**TASK:**
Below are some records; quote exactly the lines from the one that contains "Un train de" through the one that contains "Burton Albion FC", inclusive, and no others.

**INFORMATION GIVEN:**

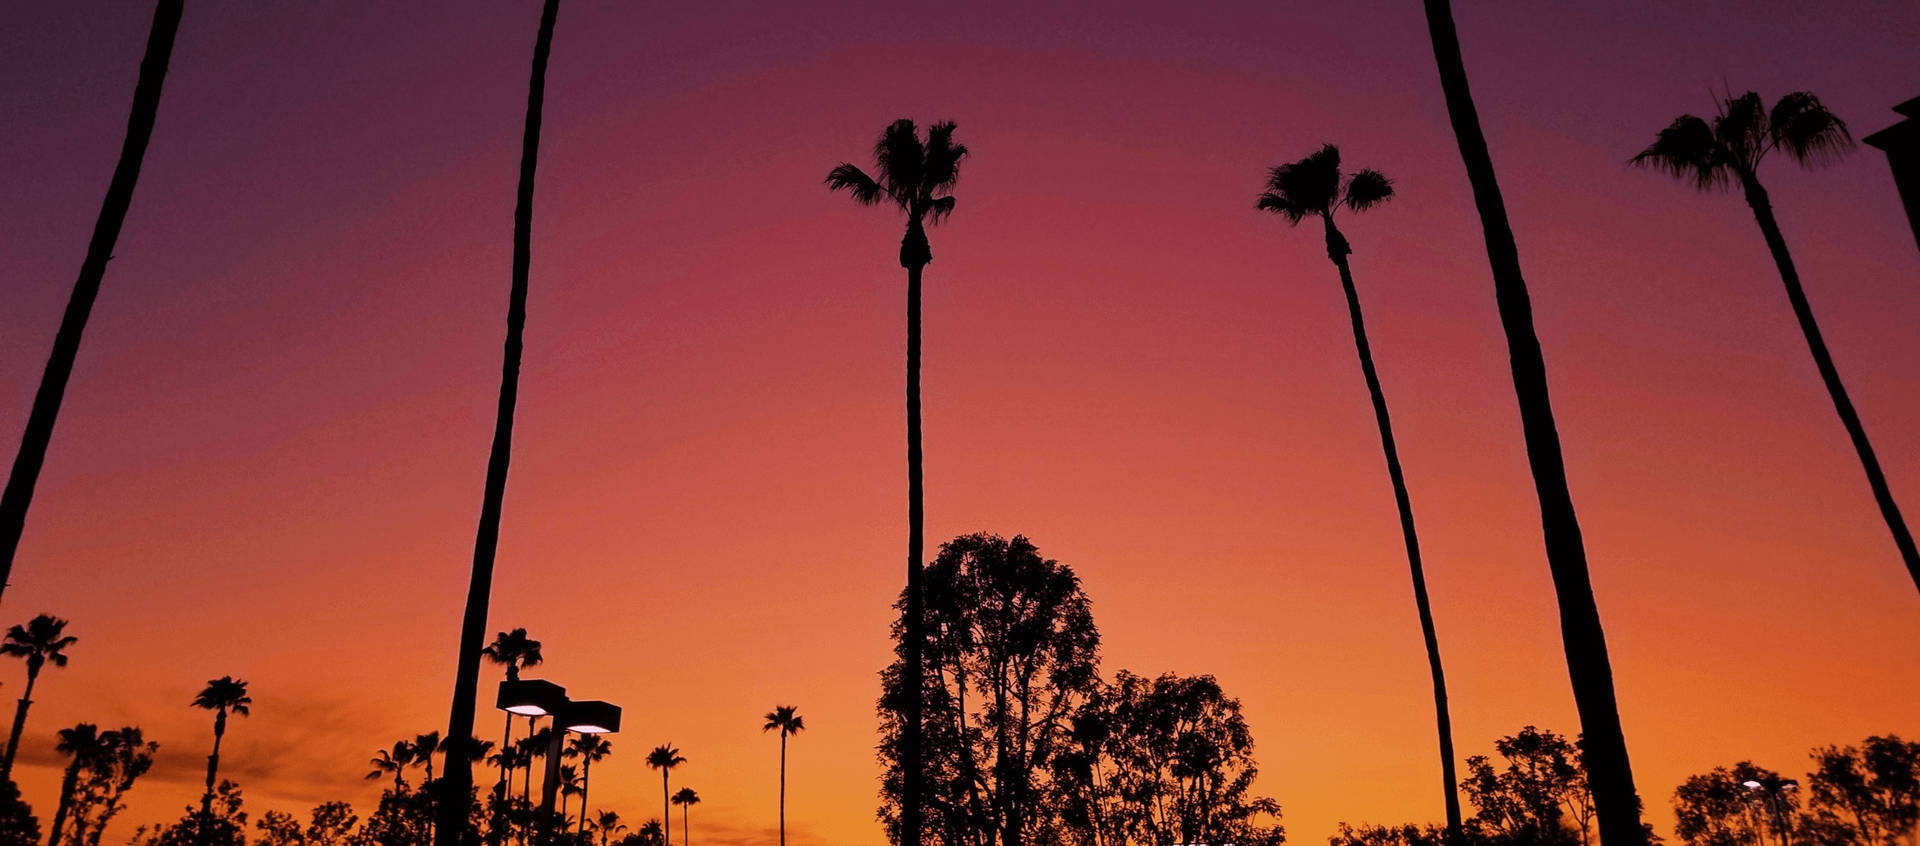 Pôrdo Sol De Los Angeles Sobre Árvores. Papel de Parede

==

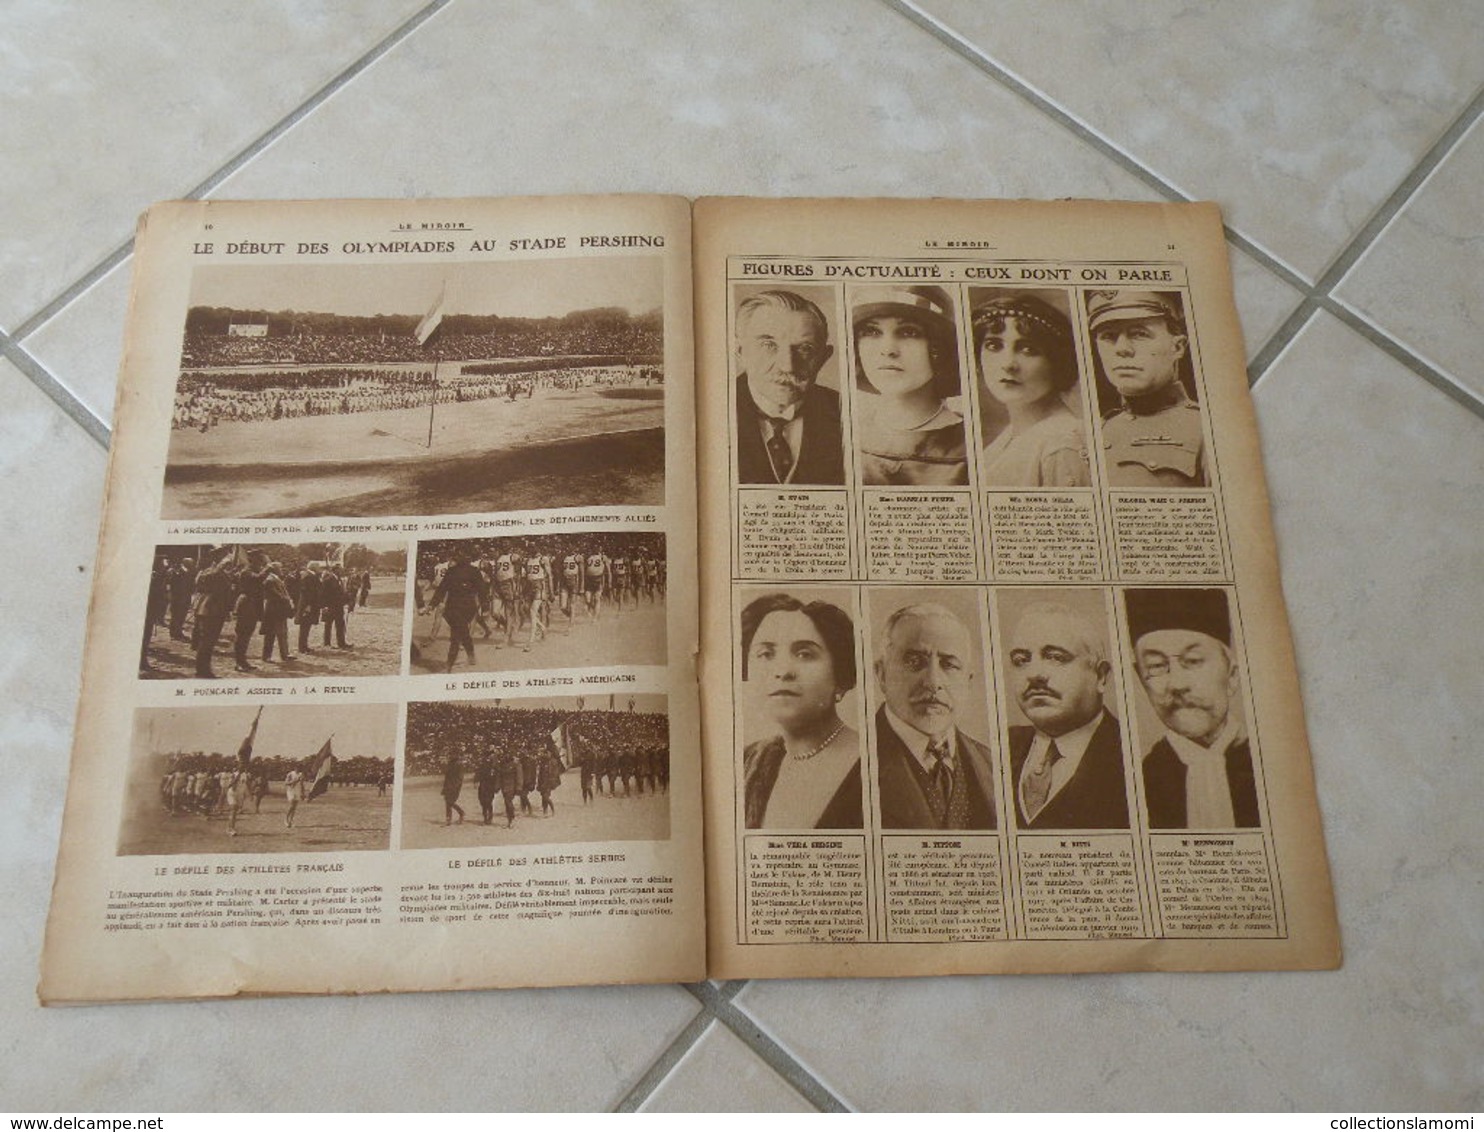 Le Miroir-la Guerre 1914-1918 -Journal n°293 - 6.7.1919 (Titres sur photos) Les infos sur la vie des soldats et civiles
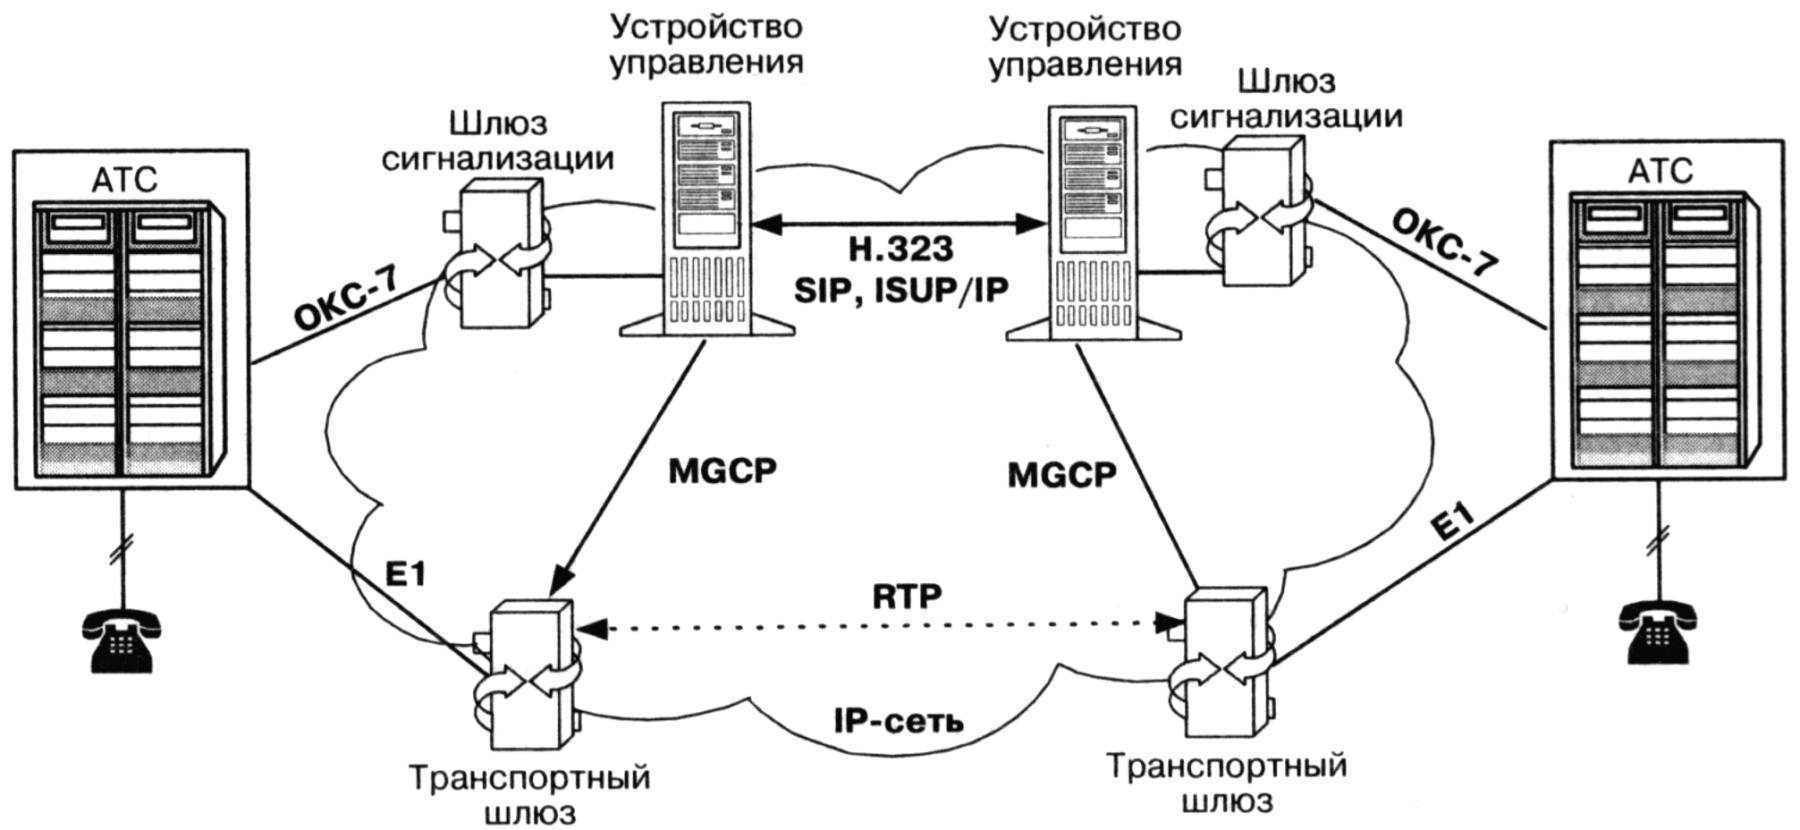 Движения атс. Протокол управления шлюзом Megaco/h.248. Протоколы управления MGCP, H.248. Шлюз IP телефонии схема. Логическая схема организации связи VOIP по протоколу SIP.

--

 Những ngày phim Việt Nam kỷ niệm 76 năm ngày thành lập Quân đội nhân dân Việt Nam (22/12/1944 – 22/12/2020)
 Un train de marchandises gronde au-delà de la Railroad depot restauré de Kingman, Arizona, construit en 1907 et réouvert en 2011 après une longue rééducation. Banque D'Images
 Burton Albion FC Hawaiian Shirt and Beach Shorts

**WRITTEN RESPONSE:**
 Un train de marchandises gronde au-delà de la Railroad depot restauré de Kingman, Arizona, construit en 1907 et réouvert en 2011 après une longue rééducation. Banque D'Images
 Burton Albion FC Hawaiian Shirt and Beach Shorts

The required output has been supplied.